The truth is, it’s hard to change one’s eco-niche. The mere disappearance of an eco-niche is not enough to cause a change in a species’ niche. Usually, the dependent species will shrink with the disappearing niche or simply disappear. As the forest shrank, so did our niche; and, it turns out, we didn’t adapt out of our niche but rather shrank with it and didn’t emerge for another three million years. And three million years is enough time for our species to get thoroughly accustomed to hunting to where we could start venturing out onto the savannah where the bigger herds lived. Makes perfect sense. That scenario is simple and direct: hunters following the game. The competing theory of our continually changing our diet, accepting and then abandoning food sources as we moved through different environments, is complex to the point of unlikelihood. If we stood up to go hunting, we would have done it right where we were, and it would have taken us time to invade new territories, but at least we’d have a way to eat once we got there. If we were constantly having to find new ways to eat, it would have taken us a lot longer, I would imagine. And why would we invade a new eco-niche if there wasn’t already there a food resource we were accustomed to using? In fact, how could we? Could we have metabolized the food available on the savannah well enough to support our needs? Wouldn’t we have had to spend all day searching for food just like the other grass-eaters? Wouldn’t we have been at great danger far out on the velde eating grasses, if we couldn’t escape by running and had no weapons with which to defend ourselves? On the other hand, if we were out in the open hunting, we would have been a match for anything. Lions even. Which scenario is more likely?
It was one thing for us to let meat-eating take such a prominent place in our diet, but we were already meat-eaters before we split from the chimps; all we did was shift our emphasis; we didn’t adopt whole new food sources; but it would be an completely different matter for us to have adopted entirely new food sources—in this case grasses and sedges—only to abandon them later on.
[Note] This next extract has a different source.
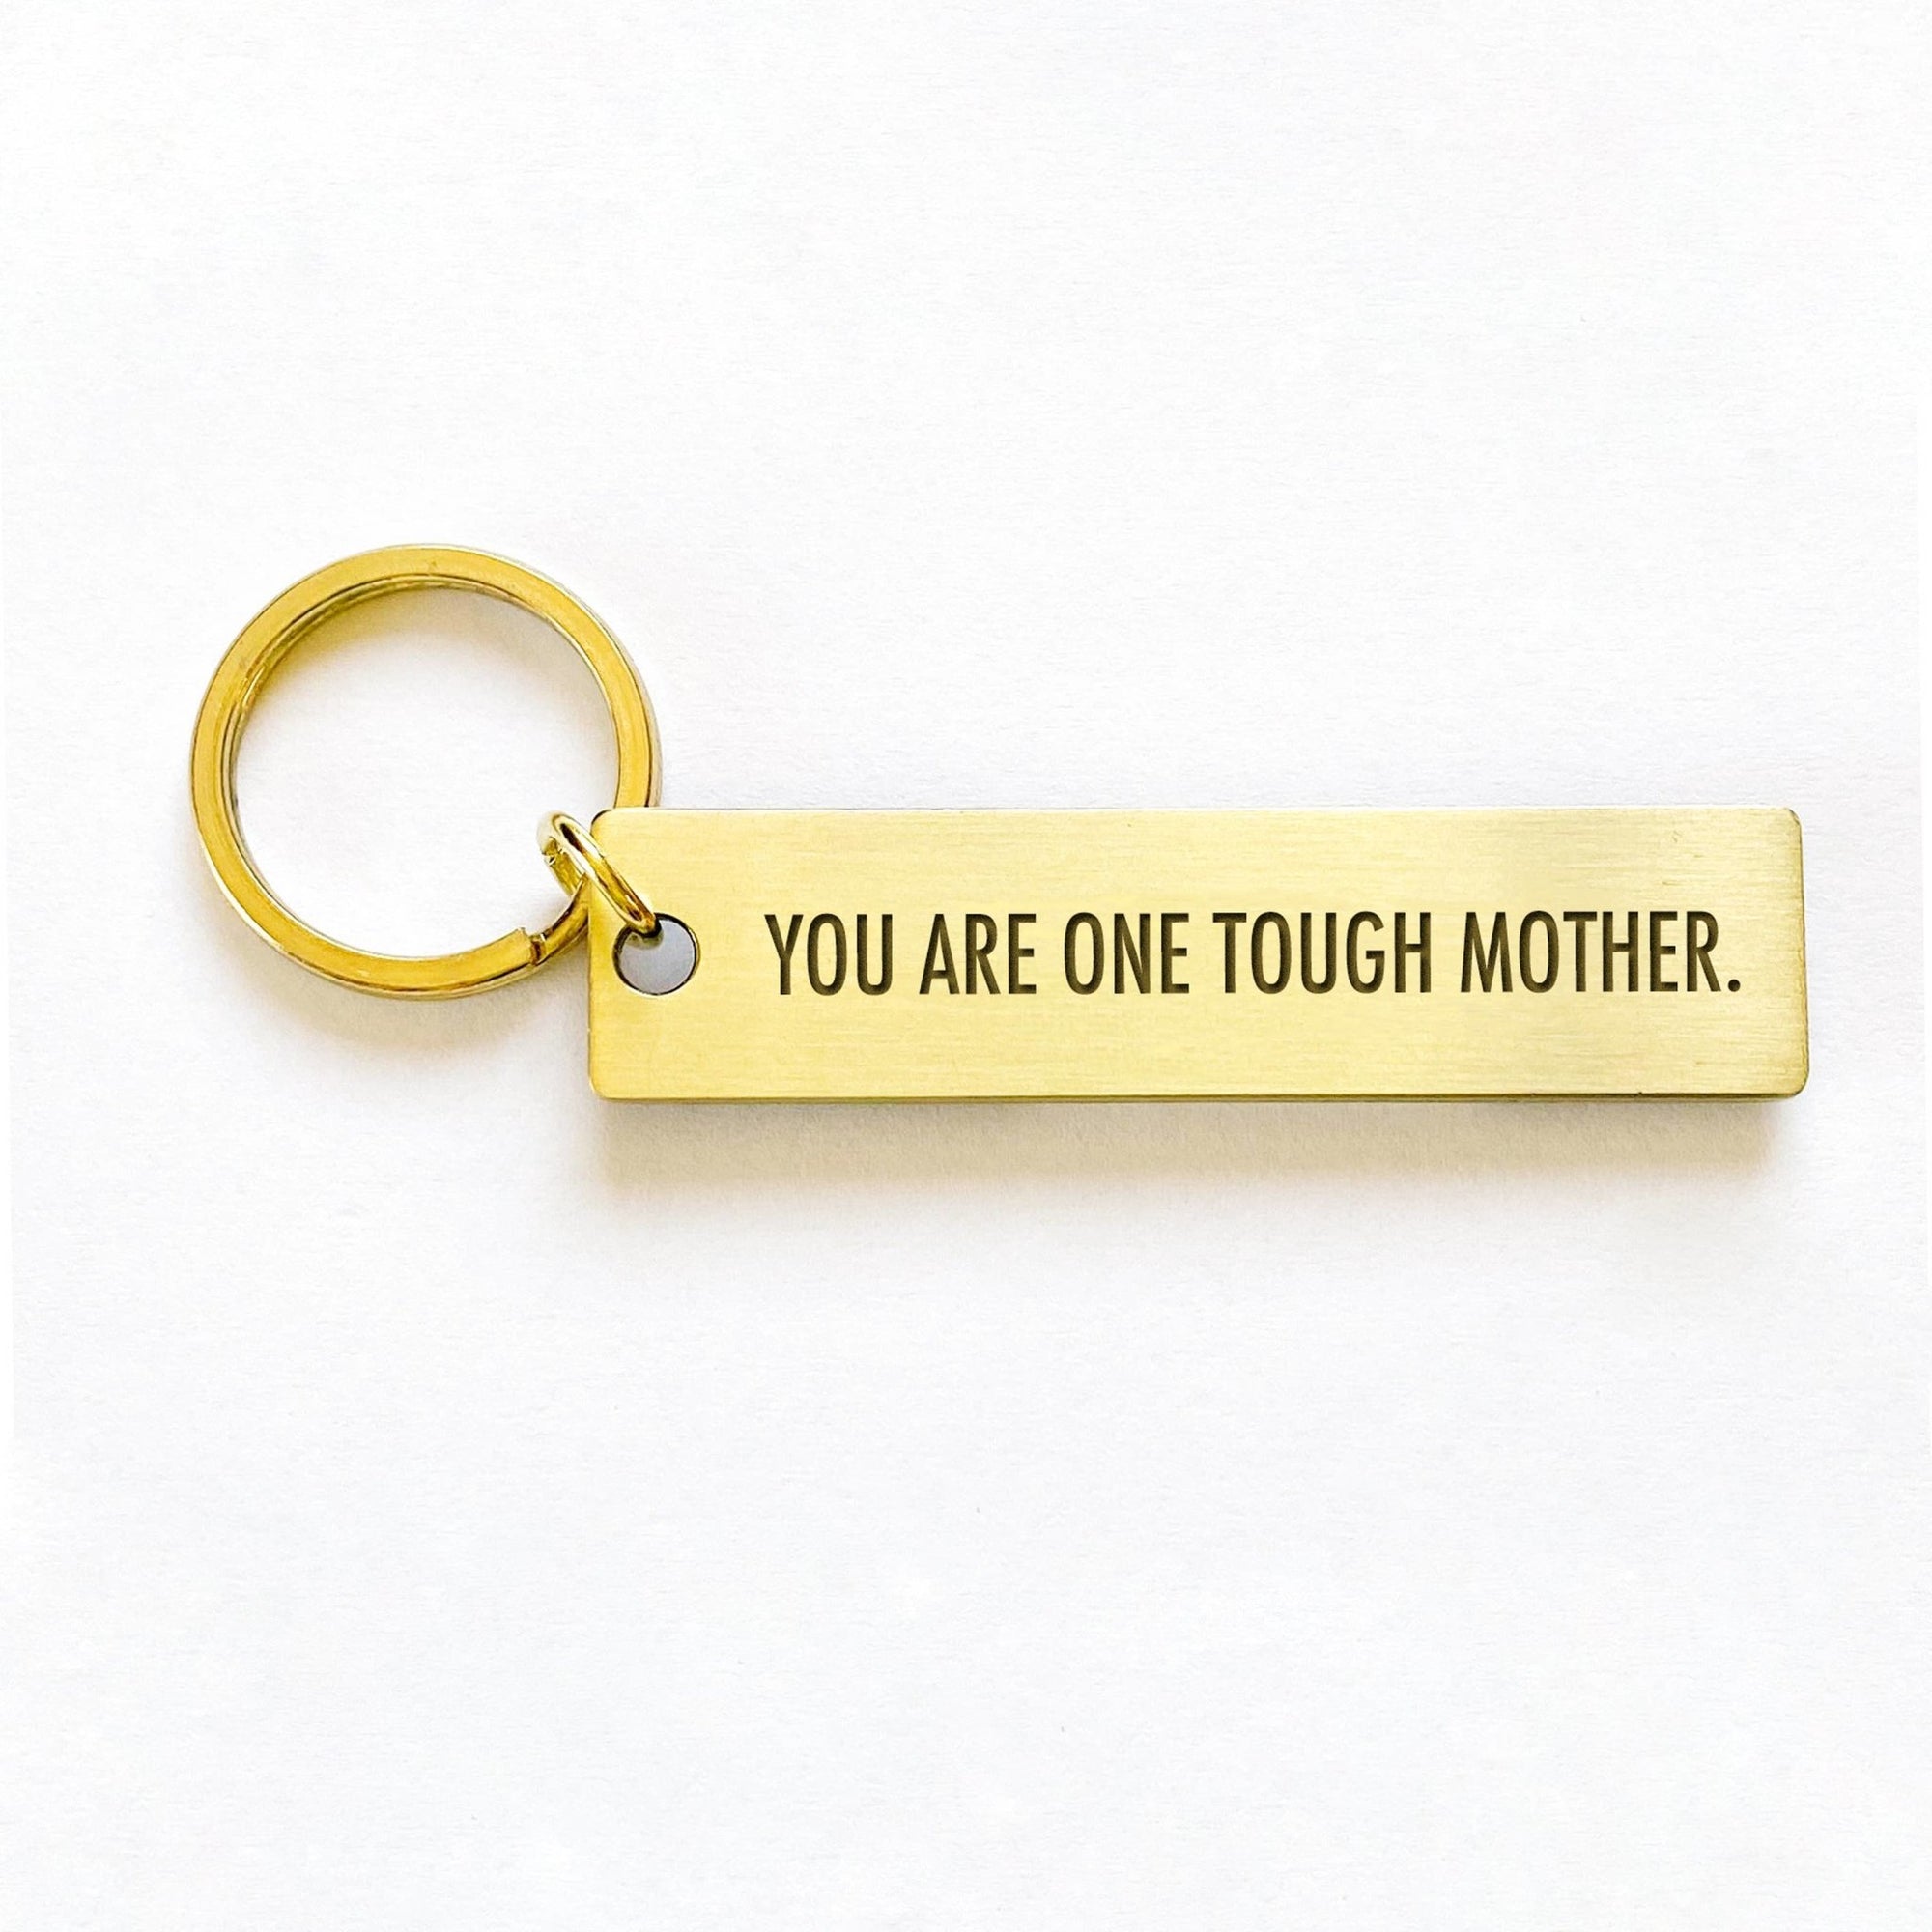 Tough Mother Key Chain - Abigail Fox Designs

That’s asking an awful lot; and apparently that theory is promulgated by people who have a bias towards thinking humans started out as vegetarians. It is a religious argument, not a scientific one. Many people want humans to be natural vegetarians so they interpret data accordingly. Unfortunately, they make big mistakes. Like interpreting the appearance of non-forest foods in our diet to mean that we took up eating grass. That’s a stretch. It’s much more likely that we were simply continuing our hunting ways and following the game into the open.
The bottom line is that data bolster the argument that we left the trees to go hunting. It says that, when we climbed down from the trees, we didn’t leave the forest, that we kept eating food grown in the forest. It says that we didn’t starting eating food grown in the open until 3.5 mya. I can live with that.
Yet even diet isn’t the entire picture. The question of where one lives is not cut and dried. “Living” usually comprises two locations: where one feeds and where one sleeps. For predators bringing food back to the nest, where one raises one’s young is the same as where one sleeps. Predator young are raised away from the hunting grounds in a protected location. When hominins began harvesting the open grasslands, they could well have kept their camps/lairs in the forest. Most likely, they were close to water; there would be no particular need to leave the water’s edge just because one had taken up hunting the savannahs.
I’m not alone; hence, Cerling’s suggestion that humans may have evolved in a “riparian forest,” which accords with the contention that, when we left the trees we 1) began to live in semi-permanent camps as do all predators; and 2) those camps were likely down by the river.
That’s what I like about the theory: it’s clean, simple, direct, and the data all fit. Hoo-boy, what more could one ask?